Meyer: Wenn man heute eine Wiese mit jungen, hochstämmigen Apfelbäumen anlegt, kann man damit rechnen, dass sie erst ab dem 15. Jahr nennenswerte Erträge liefern. Ab dem zehnten Standjahr gibt es in der Regel die ersten Äpfel zu ernten – damit man aber Saft herstellen kann, braucht man natürlich einen entsprechend großen Ertrag. Zeit und ein langer Atem sind wichtige Faktoren. Wenn man nun aber kleinere, mittelstark wachsende Bäume pflanzt, dann kann man auch nach sechs Jahren schon mit den ersten Erträgen rechnen.

Haben Sie selbst eine Lieblingsapfelsorte?

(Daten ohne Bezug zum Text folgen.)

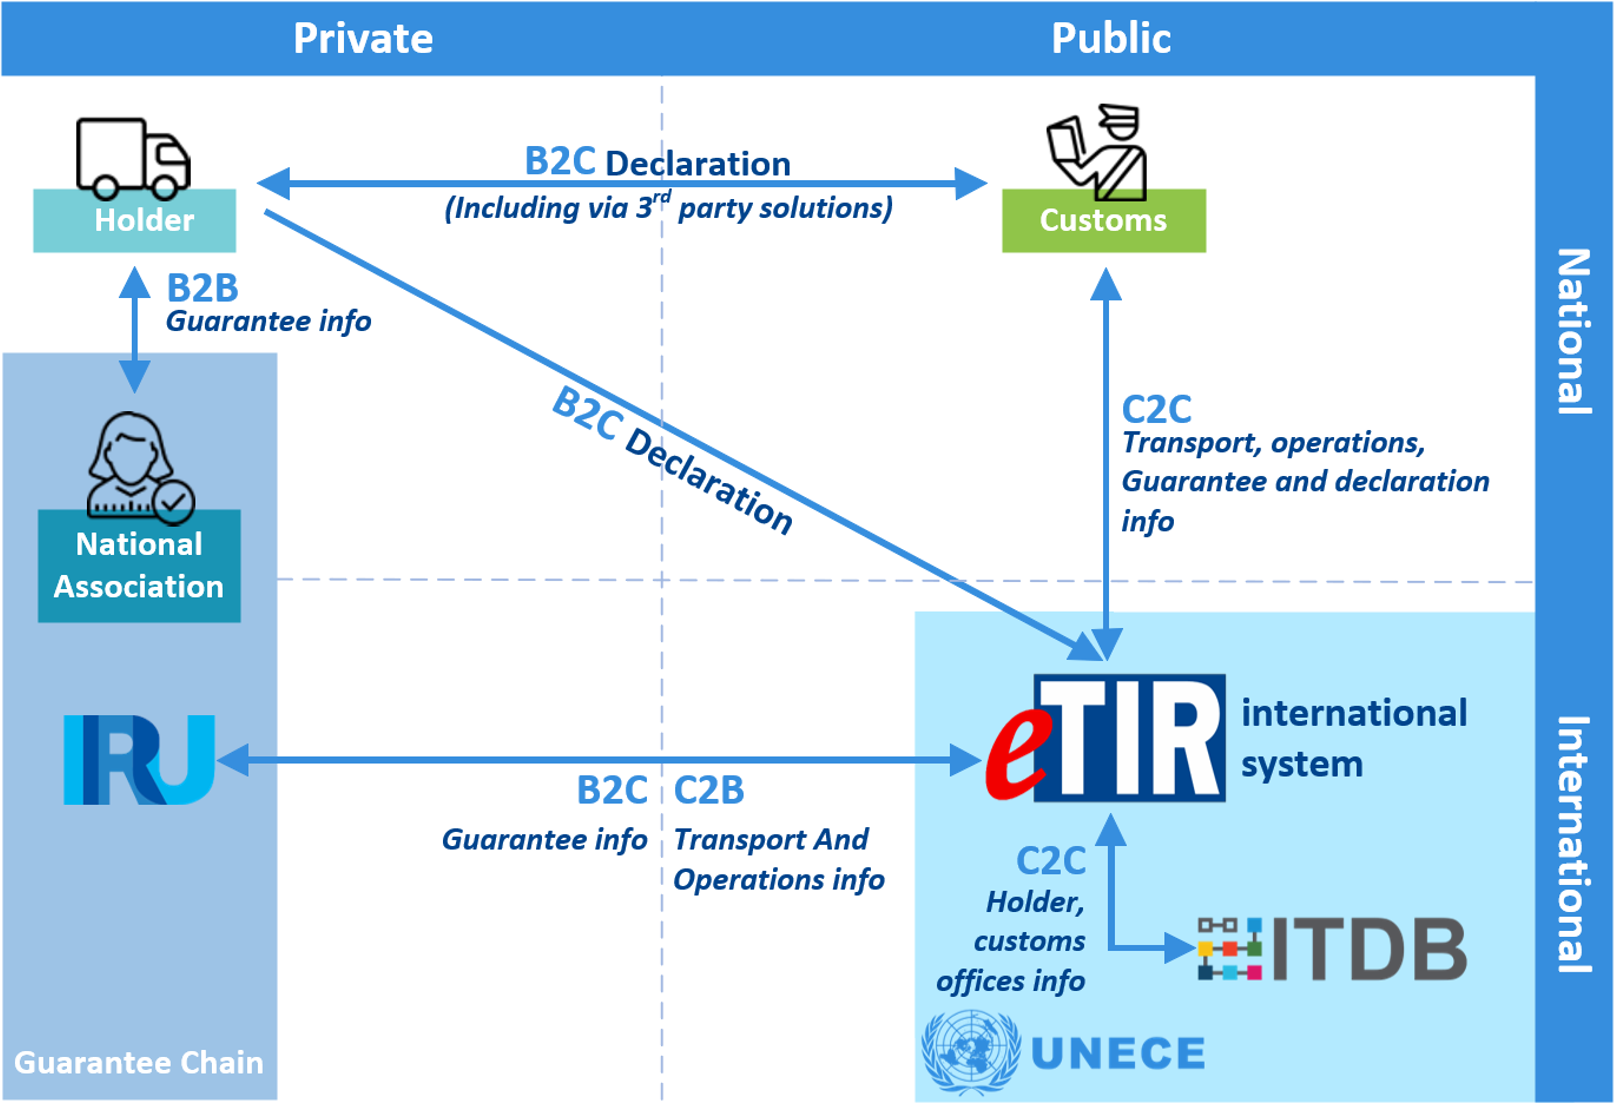  the interactions between the main actors of the TIR Convention in the context of the eTIR procedure
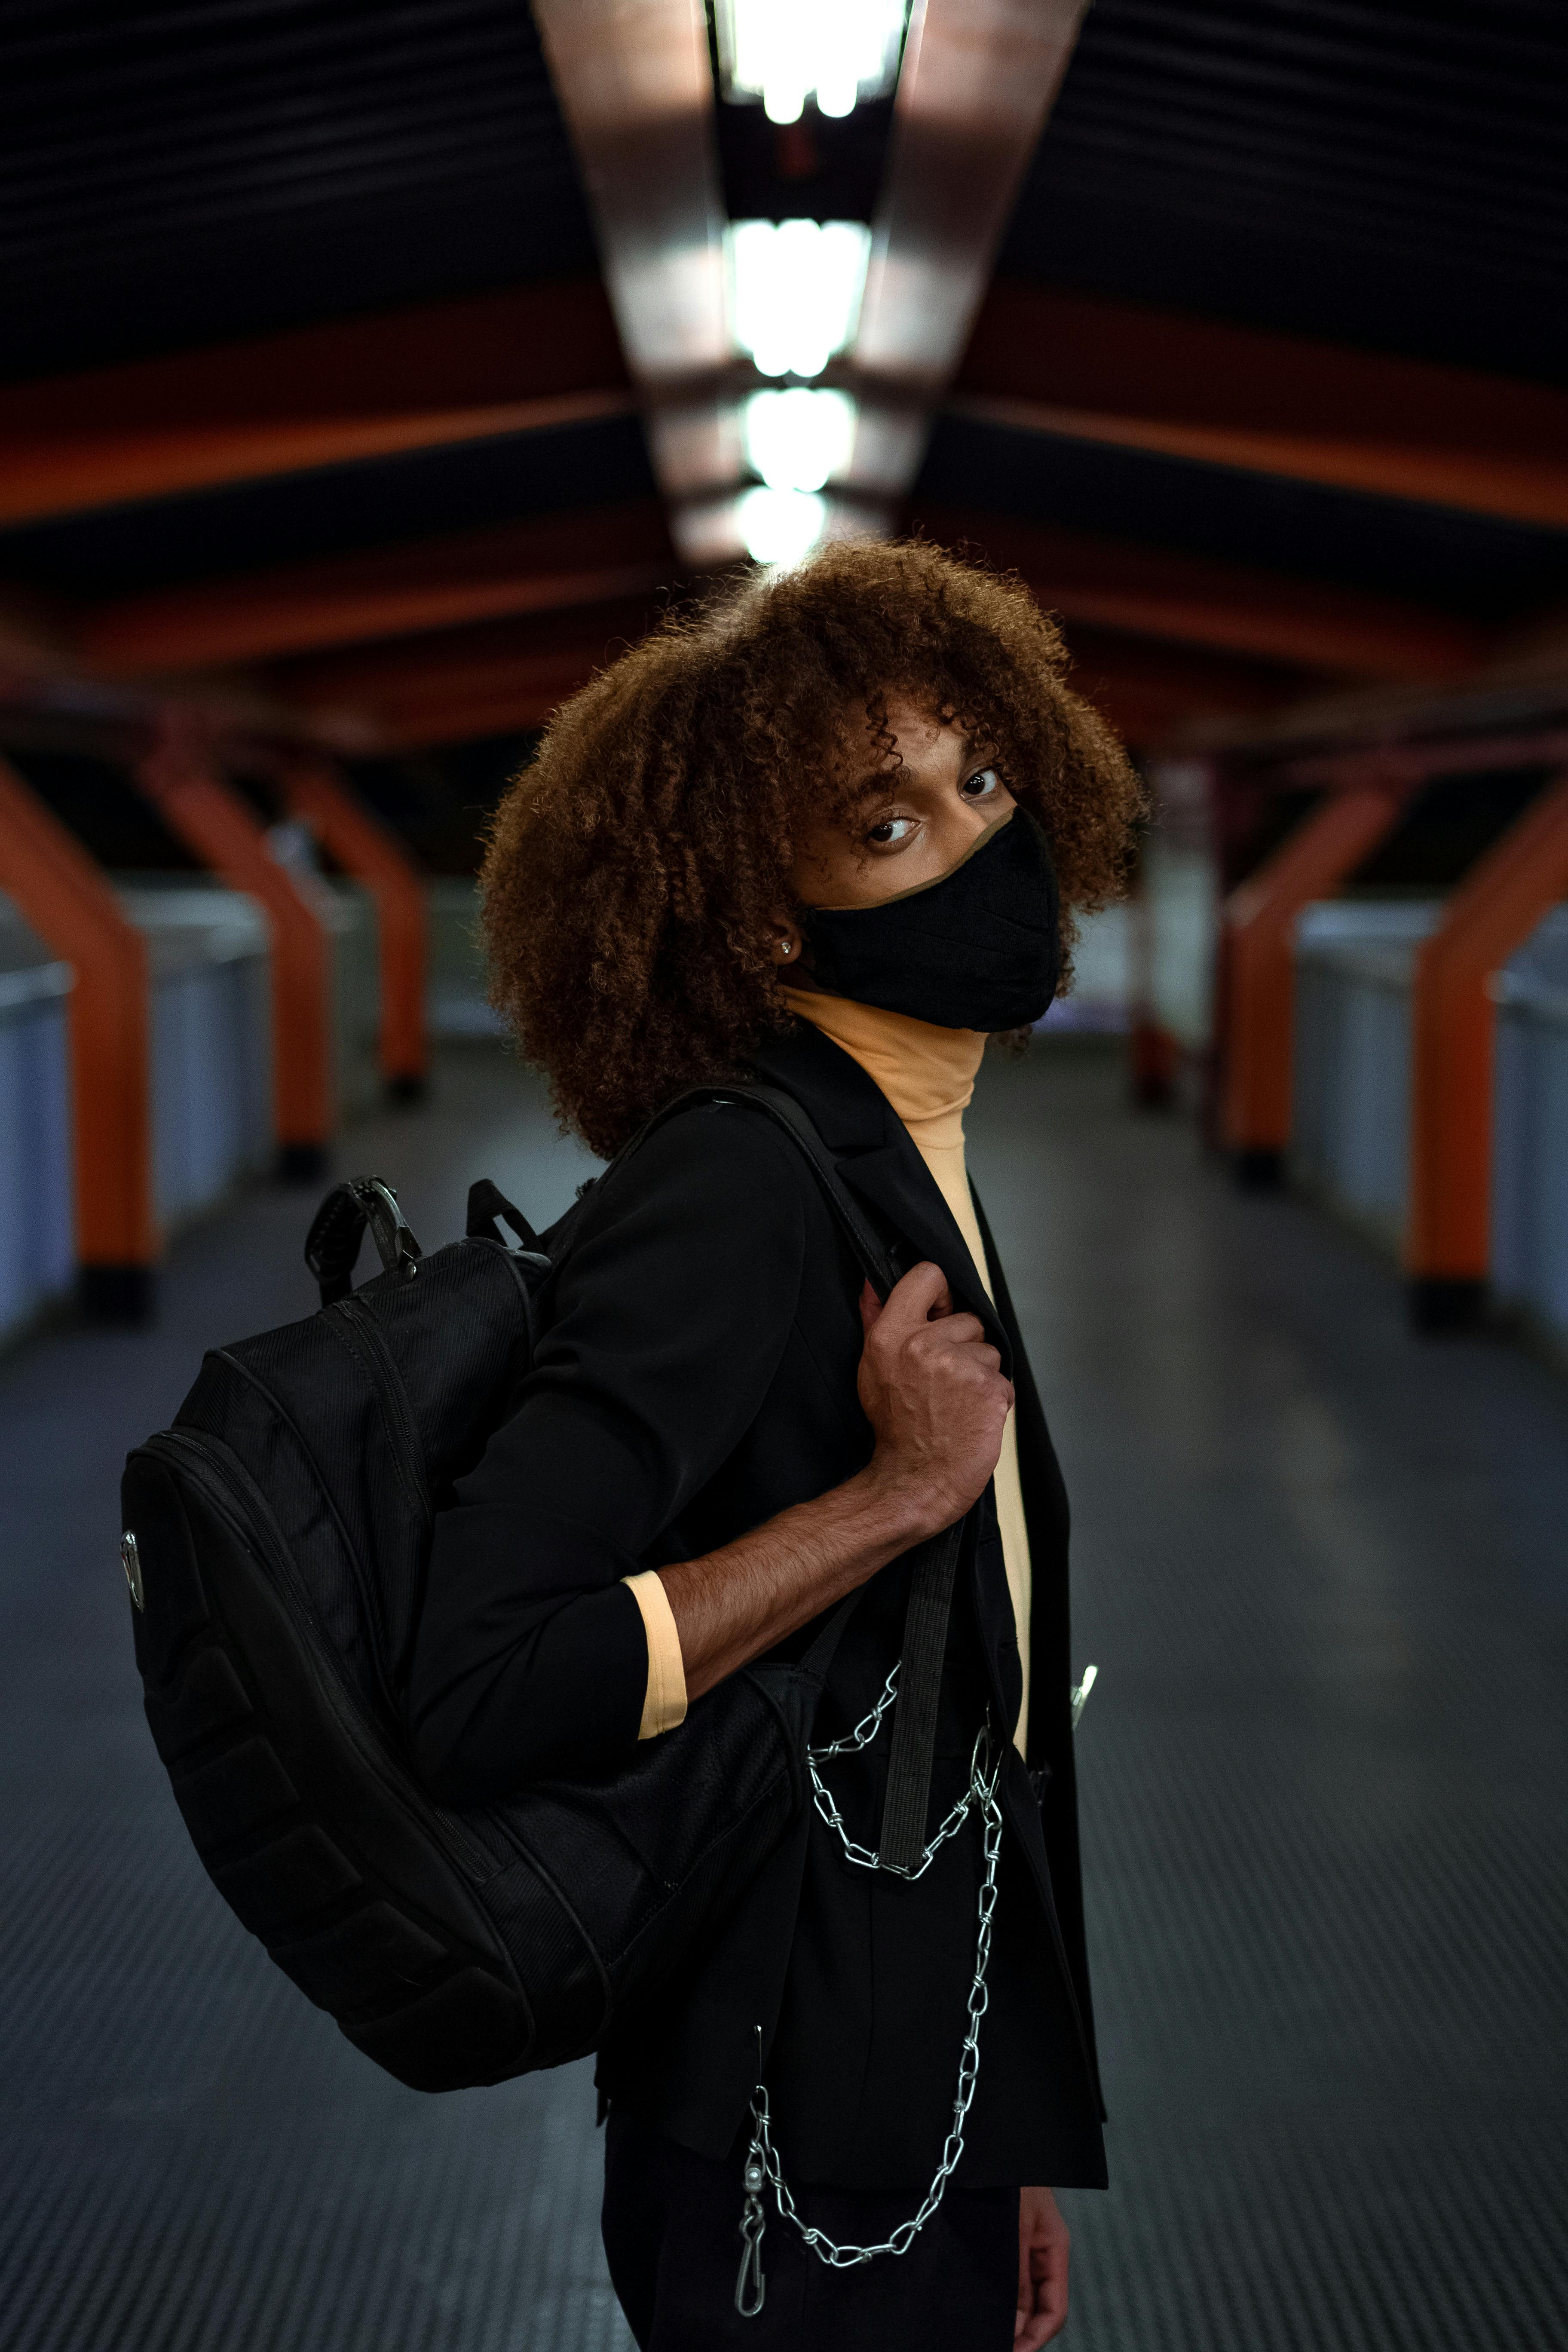 young black man in protective mask in subway

Meyer: Mein Lieblingsobst ist der Gravensteiner Apfel, eine Sorte aus dem 16. Jahrhundert. Der ist vom Geschmack her einzigartig. Wenn Sie den Gravensteiner sortenrein zu Saft pressen und dann recht frisch trinken, ist das ein sinnliches Erlebnis – ein Geruch nach frischgemähter Wiese und ein wunderbarer Geschmack. Allerdings ist er etwas schwierig zu halten – er braucht ein bestimmtes feuchtes Klima. In den vergangenen Jahren war das wegen der Trockenheit bei uns nicht so einfach.